I call these strings of "0"s sandwiched between "1"s *spacings*. The smallest spacing, with a width of 0, is the Fibonacci recurrence. If we forbid both the width-1 and width-0 spacings from appearing in supergolden expansions, we obtain the following list

```{}
	Supergolden Ratio
	        __________
	6543210 123456789A
0 	      0
1 	      1
2 	     10.0100001
3 	    100.0110001
3 	    100.1000100001
4 	    110.0001100001
4 	   1000.1000100001
5 	   1010.0001100001
5 	  10000.0010001
6 	  10001.0010001
7 	  10010.0110002
7 	  10010.1000012
7 	 100000.0001000001
8 	 100001.0001000001
9 	 100100.0000001001
10 	1000000.0000001001
```

In the above table, some intermediate steps are shown in red, but the last entry for each integer is canonical. Not only does the number of digits grow radically faster than in phinary (or even binary), but there are many more intermediate steps.
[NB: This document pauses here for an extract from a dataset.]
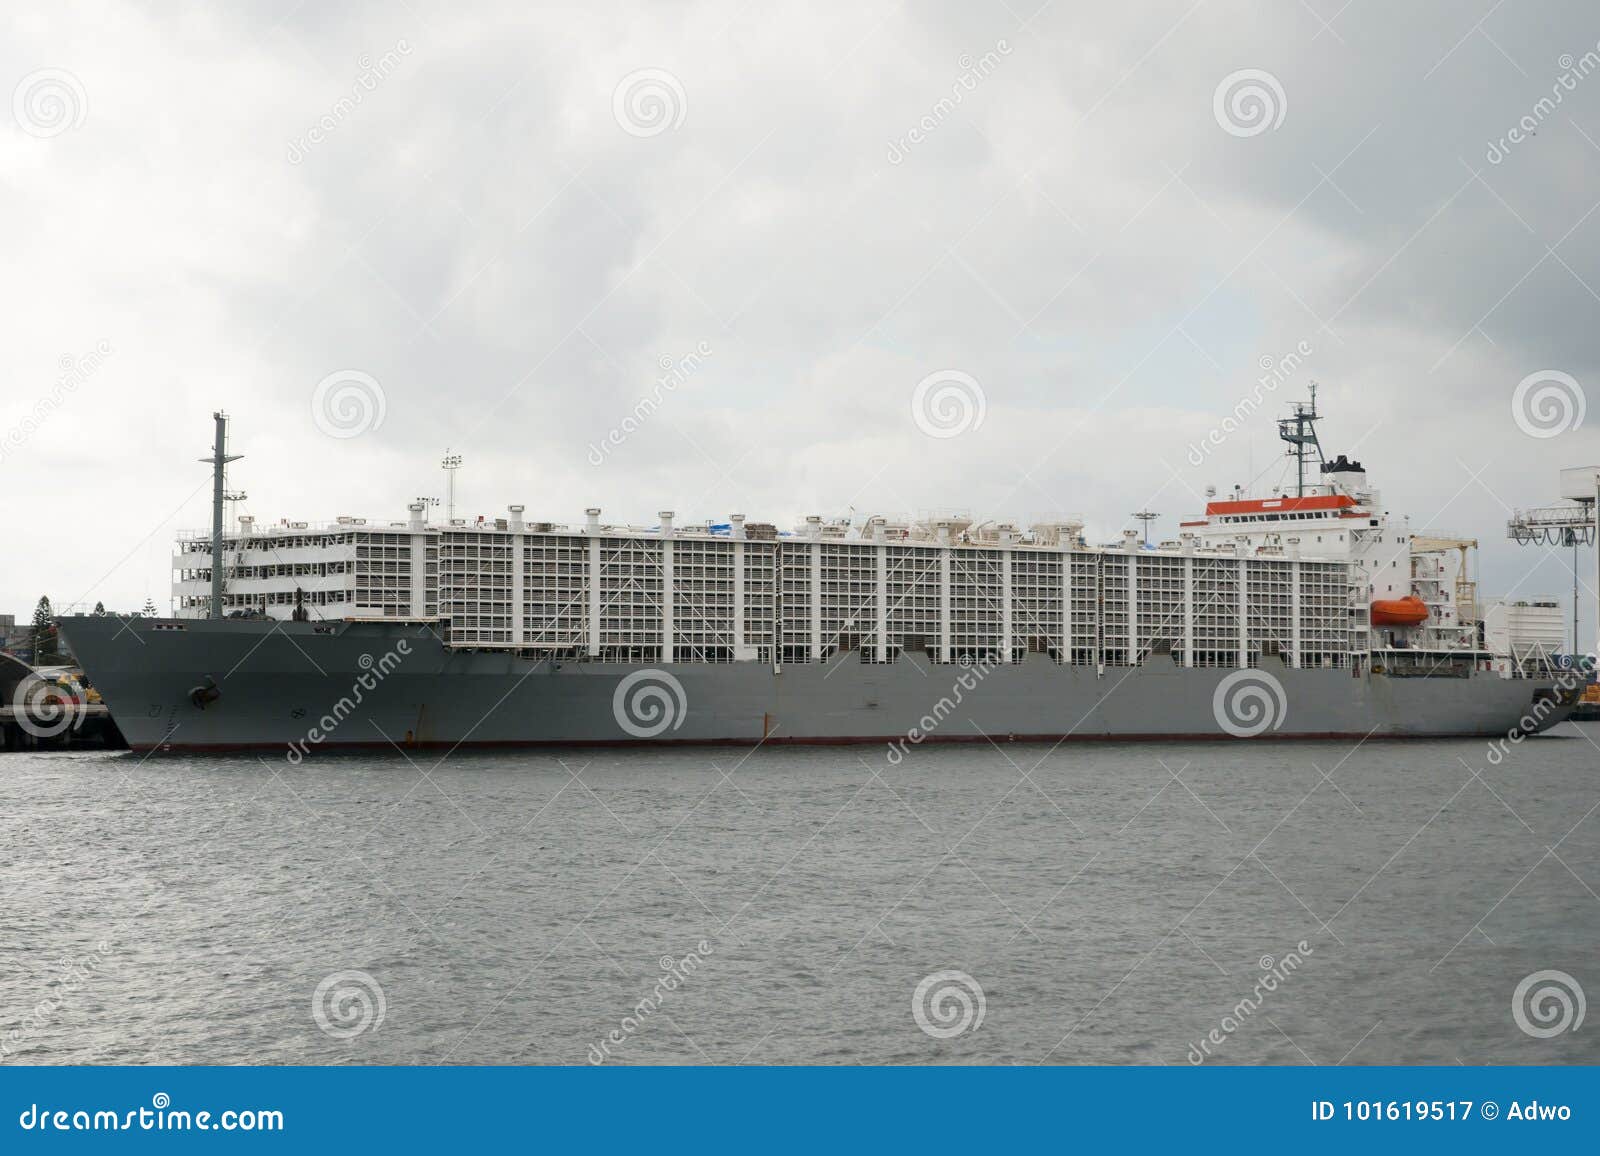 livestock carrier shipping vessel

For space reasons, I do not show the integral dual. Slowly-growing sequences, which have largely uninteresting integral systems, dominate the rest of this post. Therefore, the remainder of this post will focus solely on fractional systems.


Radiant Plastic
---------------

A similar degree 3 recurrence is $\langle 0,1,1|$. Its root corresponds to the plastic ratio $\rho\ (\approx 1.3247…)$. A number of sequences share this recurrence; when seeded with $0, 0, 1$ as before, the best match is the Padovan sequence ([OEIS A000931](http://oeis.org/A000931)), which begins with an additional 1.

Since $\rho < \psi < \phi$, we should expect that spacings of at least width 2 are illegal. The system turns out to be even stricter than that: widths up to and including 3 being expandable.

$$
\begin{array}{c|c}
\text{Width} & \textcolor{red}{0} & \textcolor{green}{1} & 2 & \textcolor{blue}{3} \\ \hline
& 0\textcolor{red}{011}_\rho
& 010\textcolor{red}{1}000_\rho
& 0\textcolor{red}{1}00\textcolor{red}{1}00000_\rho
& 0\textcolor{red}{1}0001_\rho
\\
& \textcolor{red}{1}000_\rho
& 0100\textcolor{red}{011}_\rho
& 00\textcolor{red}{011}\textcolor{red}{011}00_\rho
& 00\textcolor{red}{011}1_\rho
\\
&& 0\textcolor{blue}{10001}1_\rho
& 000\textcolor{blue}{11011}00_\rho
& 000\textcolor{orange}{111}_\rho
\\
&& \textcolor{blue}{1}000001_\rho
& 00\textcolor{blue}{1}0101000_\rho
& 00\textcolor{orange}{1}100_\rho
\\
&&
& 0010\textcolor{green}{101}000_\rho
& 0\textcolor{red}{011}00_\rho
\\
&&
& 001\textcolor{green}{1000001}_\rho
& \textcolor{red}{1}00000_\rho
\\
&&
& 0\textcolor{red}{011}000001_\rho
\\
&&
& \textcolor{red}{1}000000001_\rho
\\\\
\hline
& s_0  = \rho^2
& s_1 = \rho s_{5}
& s_2 = \rho s_{8}
& s_3 = \rho
\end{array}
$$

With these spacings, we can write a canonical expansion expansion for 2:

$$
\begin{align*}
\textcolor{red}{2}
&= 1.\textcolor{red}{011}
= \textcolor{blue}{1.011}
= \textcolor{blue}{1}\overbrace{0.0100000}^{8 \text{ digits}}\textcolor{blue}{1} \\
&= \textcolor{purple}{10.01}000001
= \textcolor{purple}{1}00.000000\textcolor{purple}{1}1 \\
&= 100.00000\textcolor{red}{011}
= 100.0000\textcolor{red}{1}
\end{align*}
$$

Since $\rho < \sqrt 2$, the largest place value in the expansion of 2 is $\rho^2$, distinguishing it from previous systems.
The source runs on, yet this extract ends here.